DATASET SECTION:
-=-=-
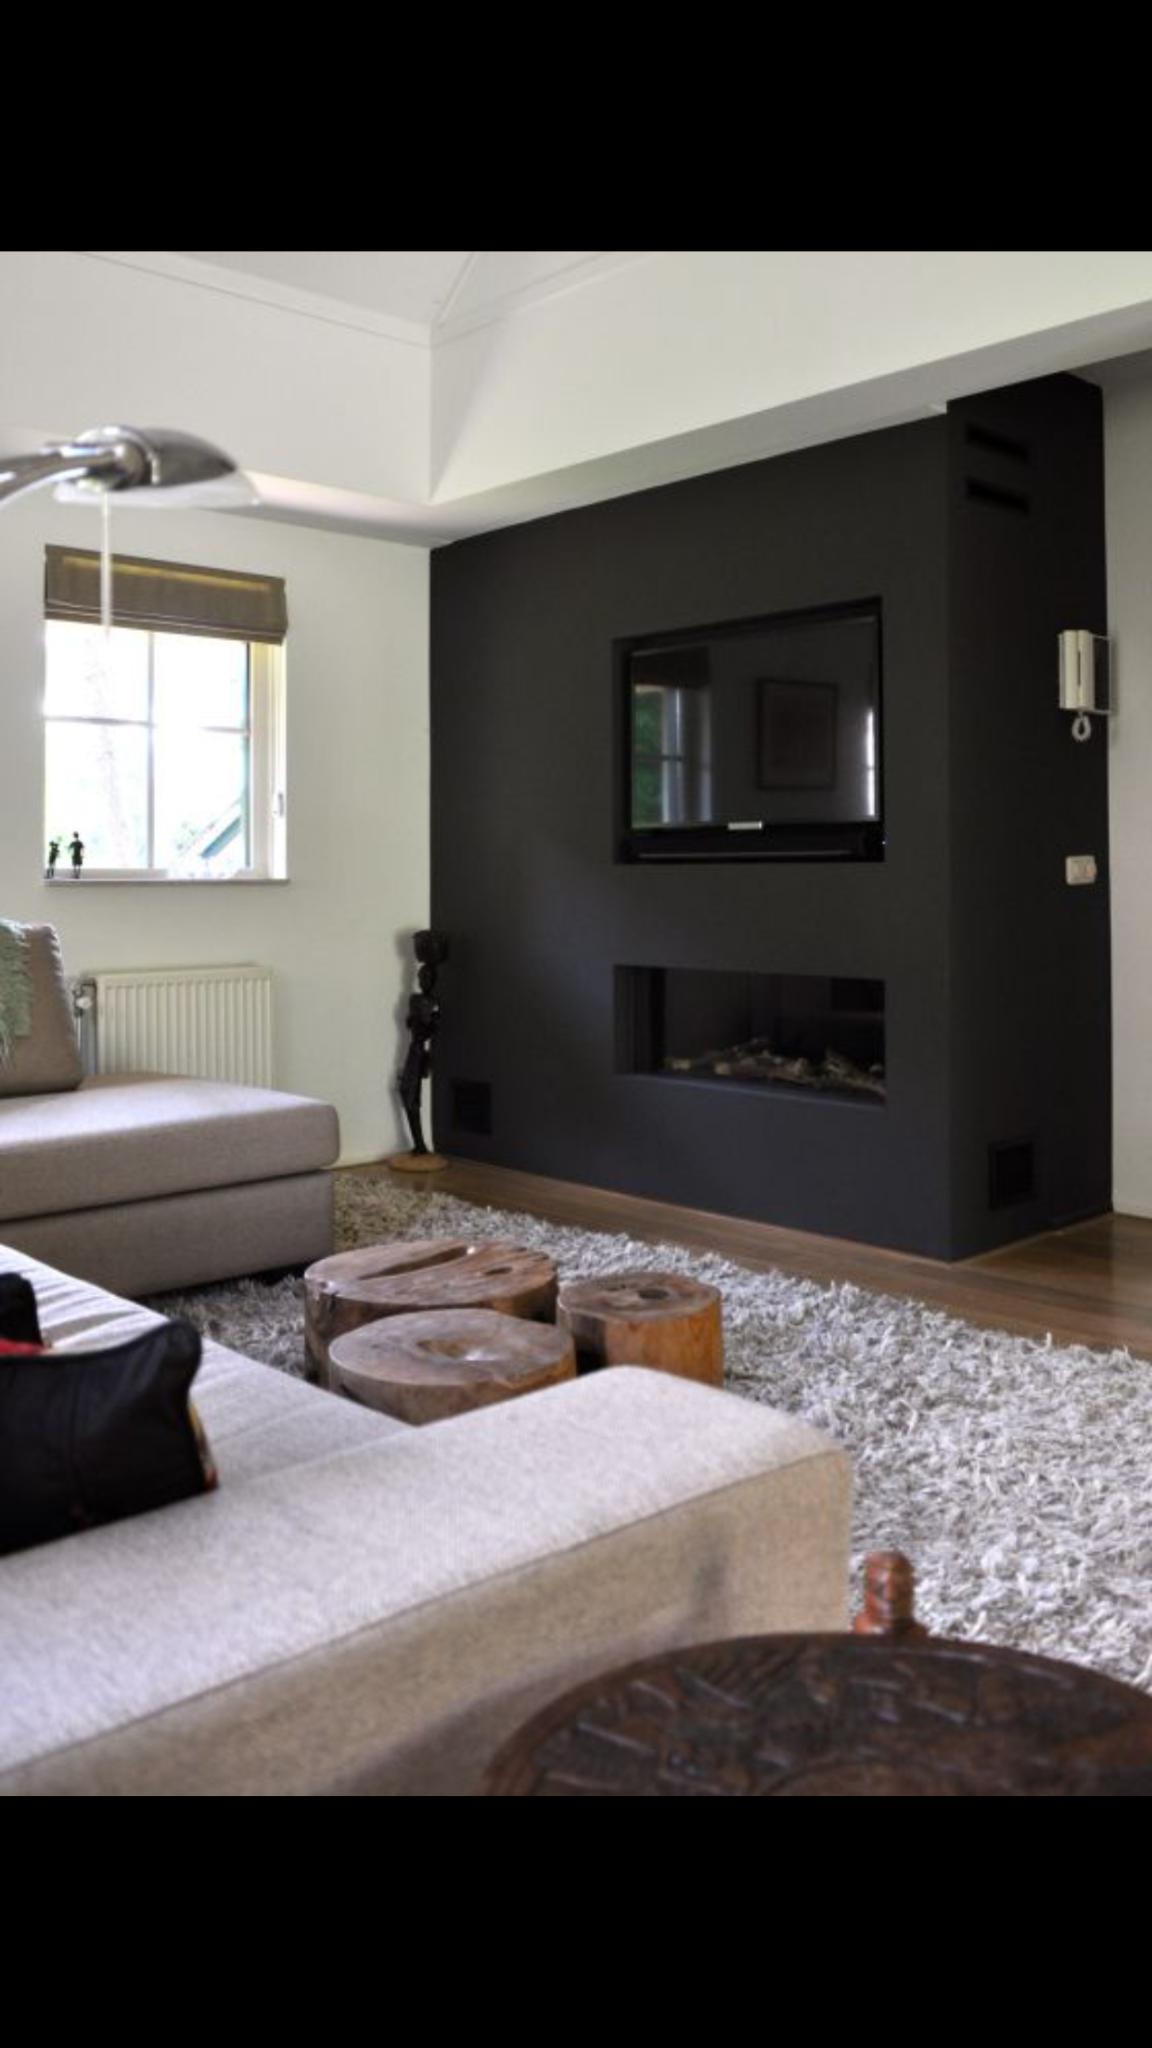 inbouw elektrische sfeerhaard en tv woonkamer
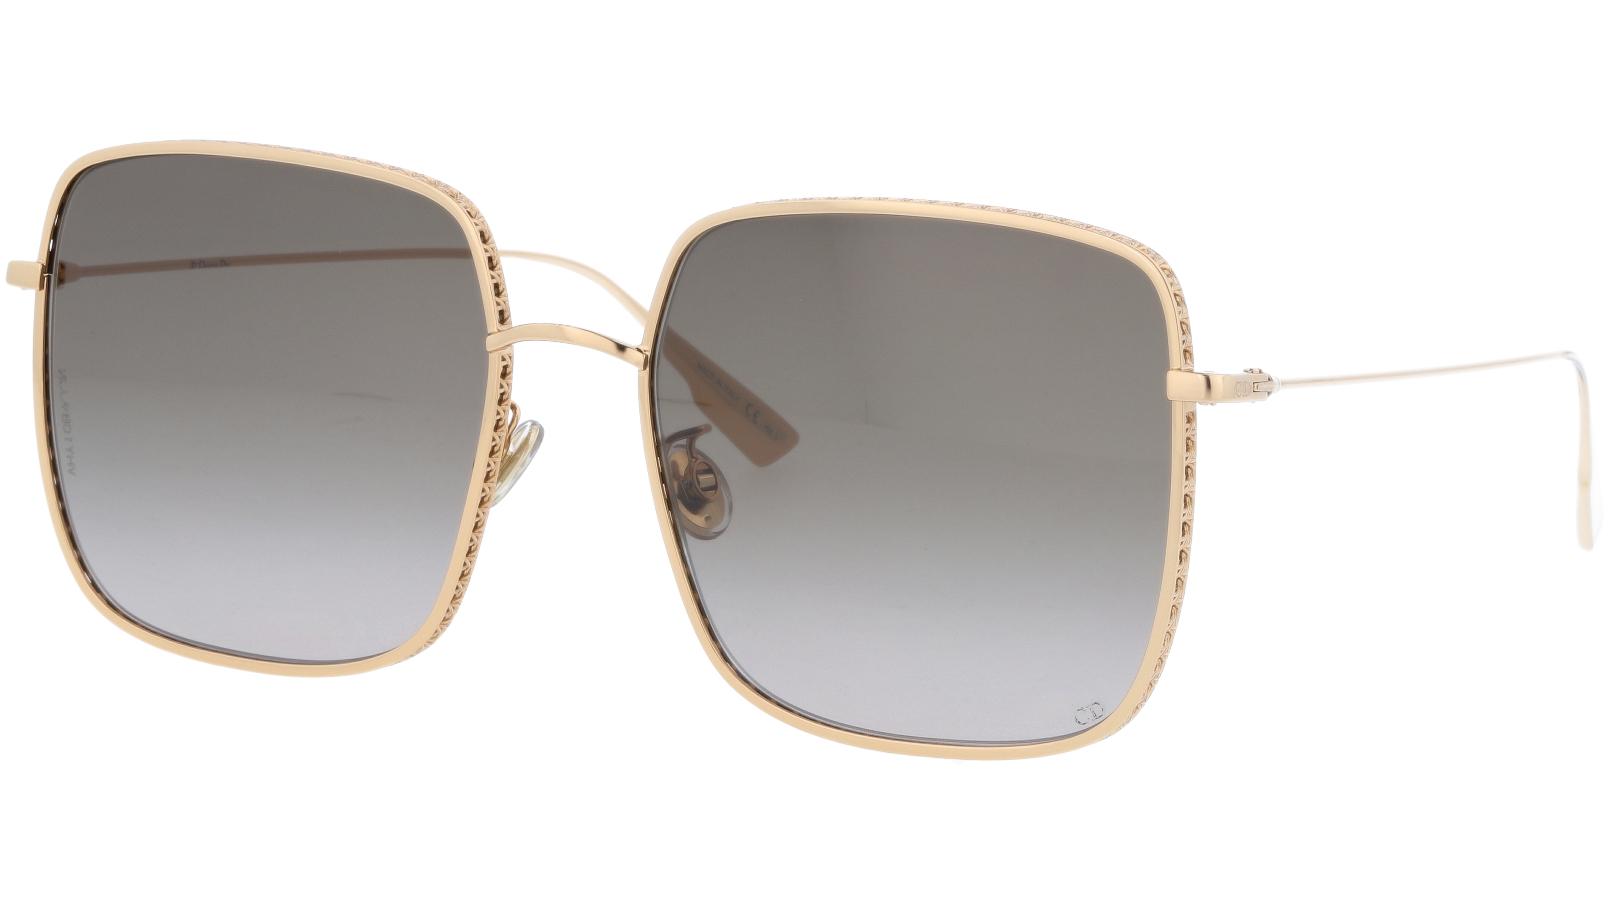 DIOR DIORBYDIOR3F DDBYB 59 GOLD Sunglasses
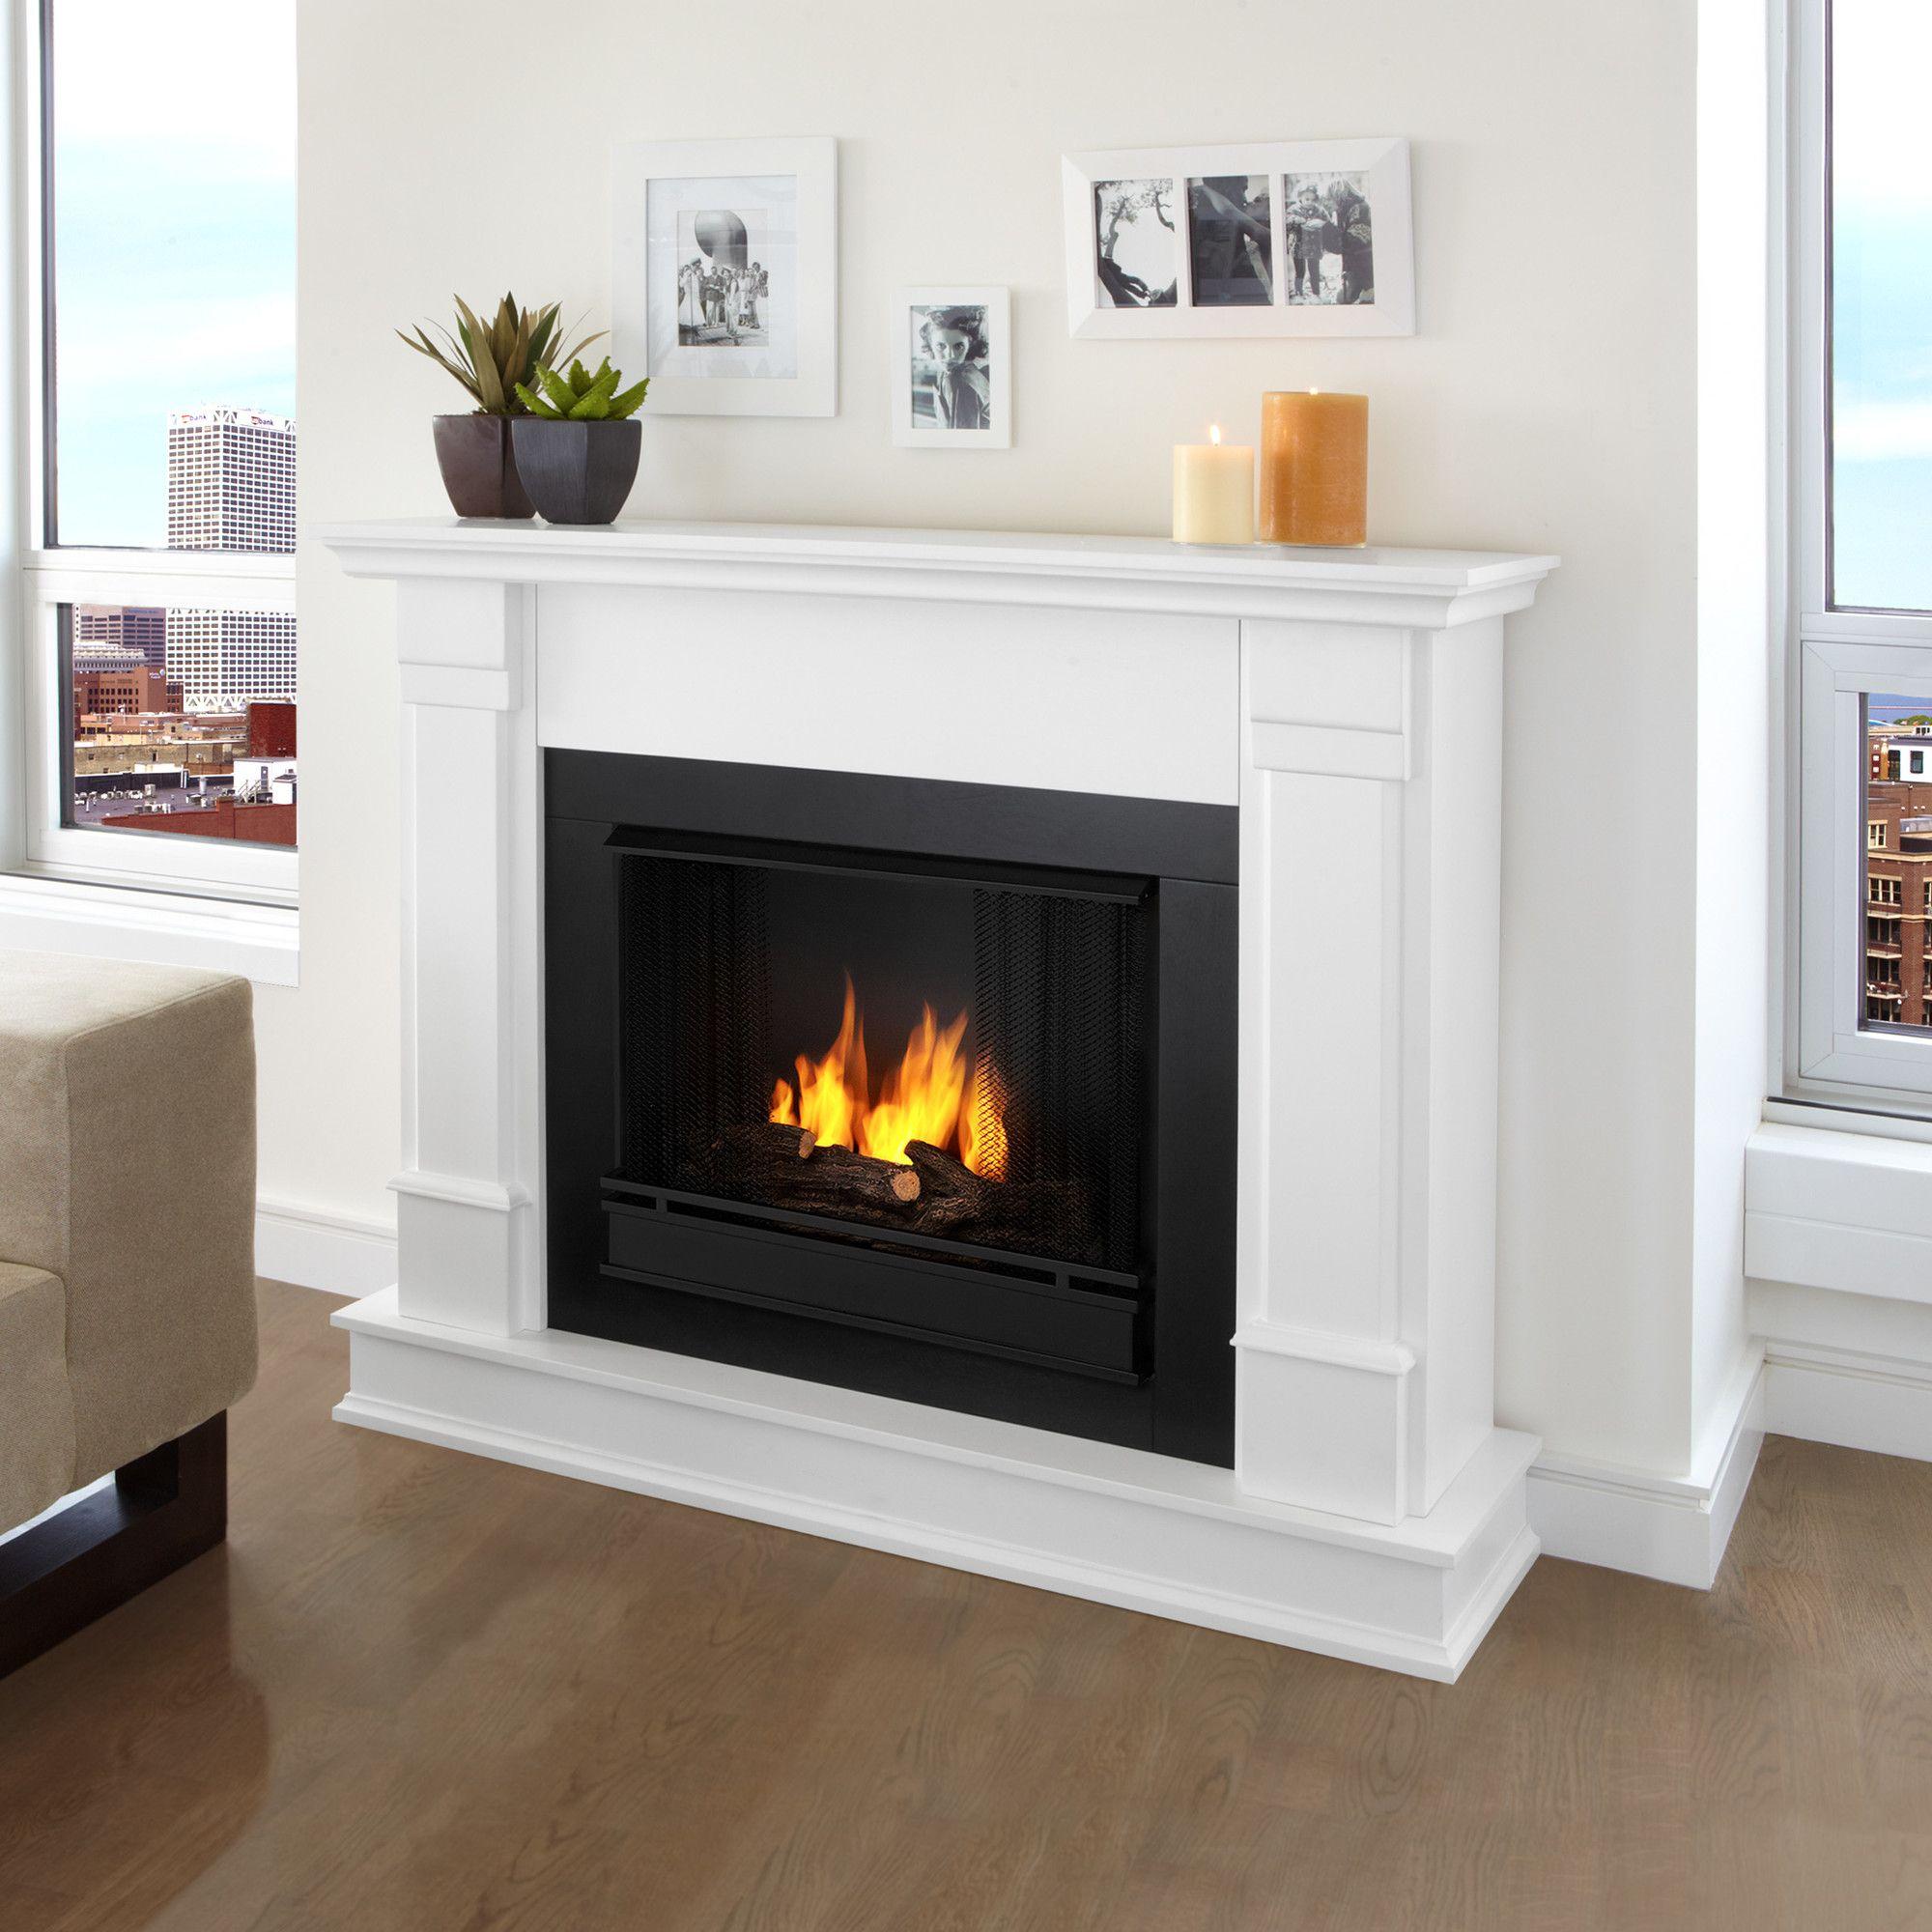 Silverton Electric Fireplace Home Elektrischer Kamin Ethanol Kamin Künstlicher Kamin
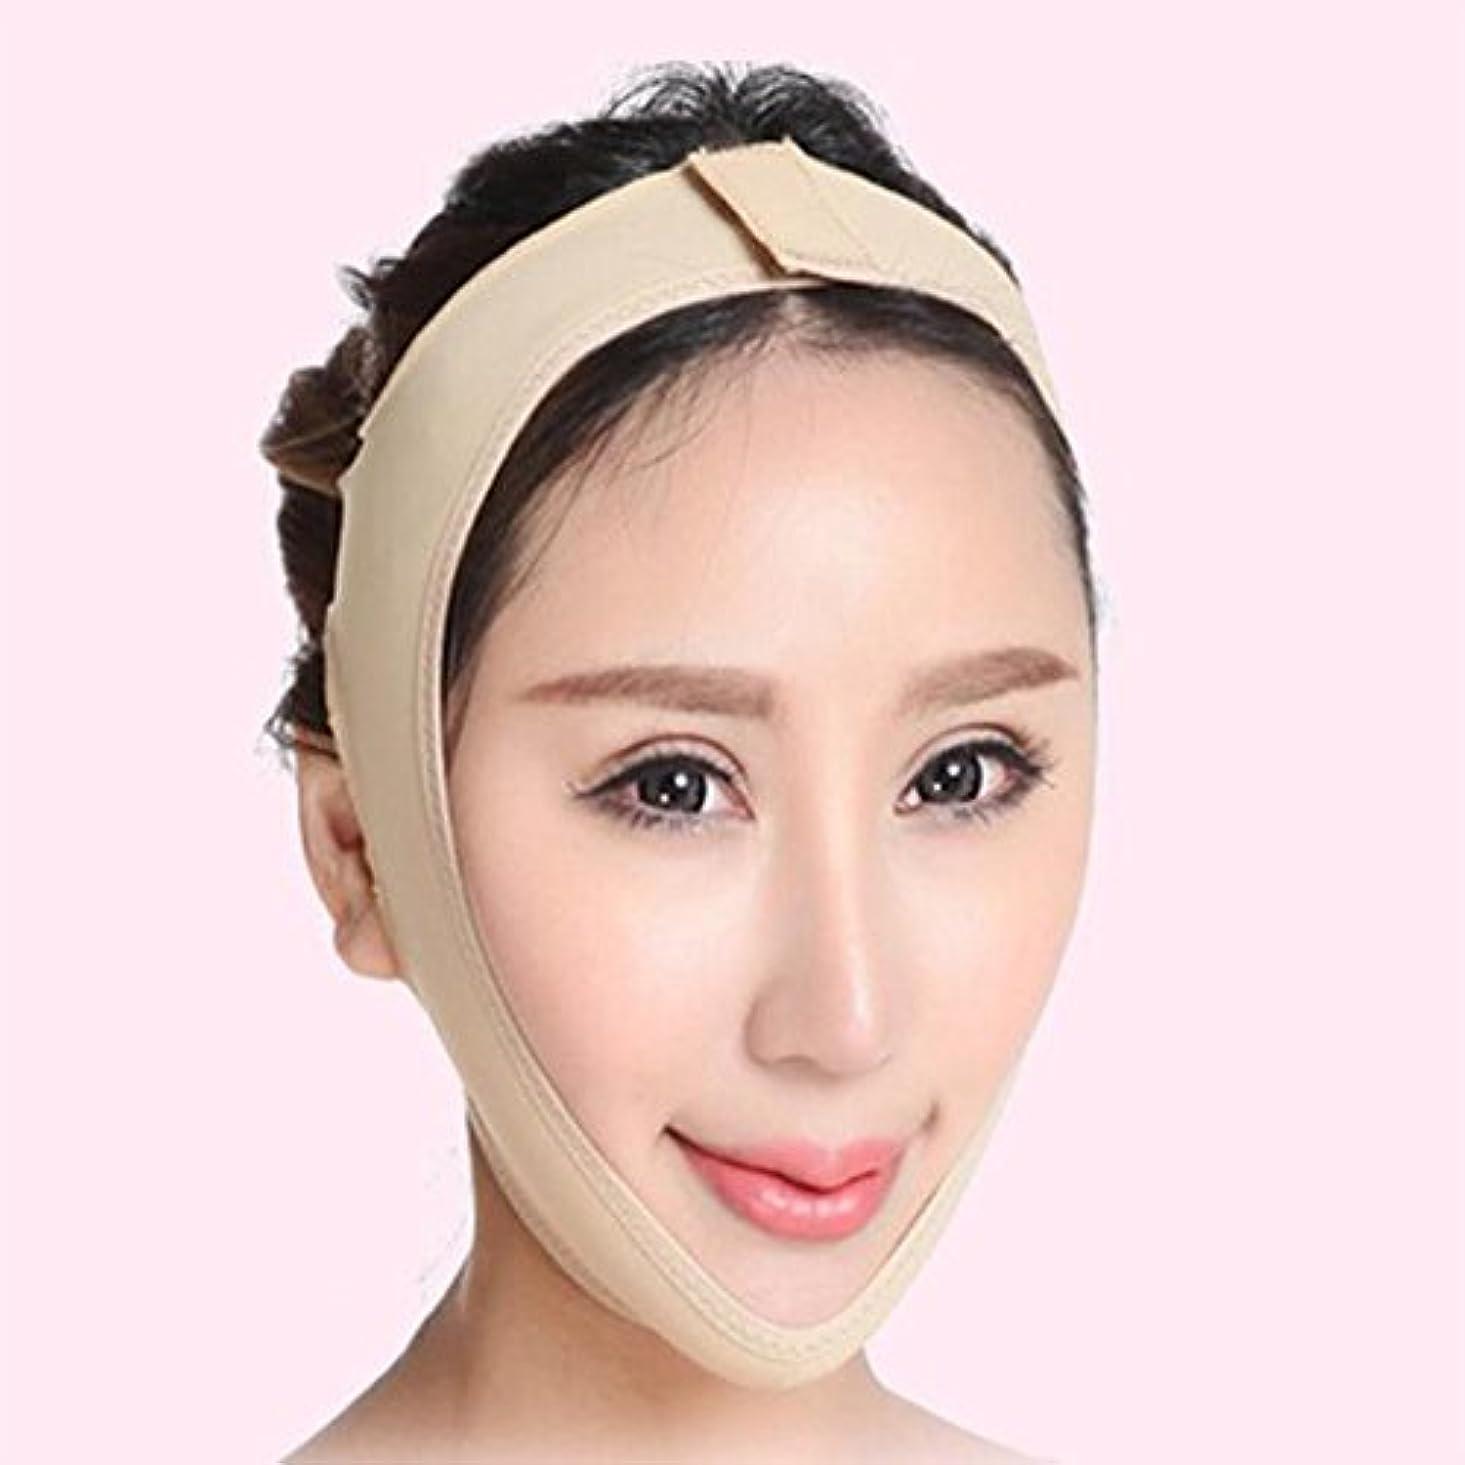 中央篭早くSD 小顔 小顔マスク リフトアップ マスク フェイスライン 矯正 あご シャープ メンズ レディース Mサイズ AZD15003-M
-=-=-
REQUIRED WORK: Ignoring the pictures, write out word for word the lines from the line containing "Silverton Electric Fireplace" through the end of the material above.

ANSWER AREA:
 Silverton Electric Fireplace Home Elektrischer Kamin Ethanol Kamin Künstlicher Kamin
 中央篭早くSD 小顔 小顔マスク リフトアップ マスク フェイスライン 矯正 あご シャープ メンズ レディース Mサイズ AZD15003-M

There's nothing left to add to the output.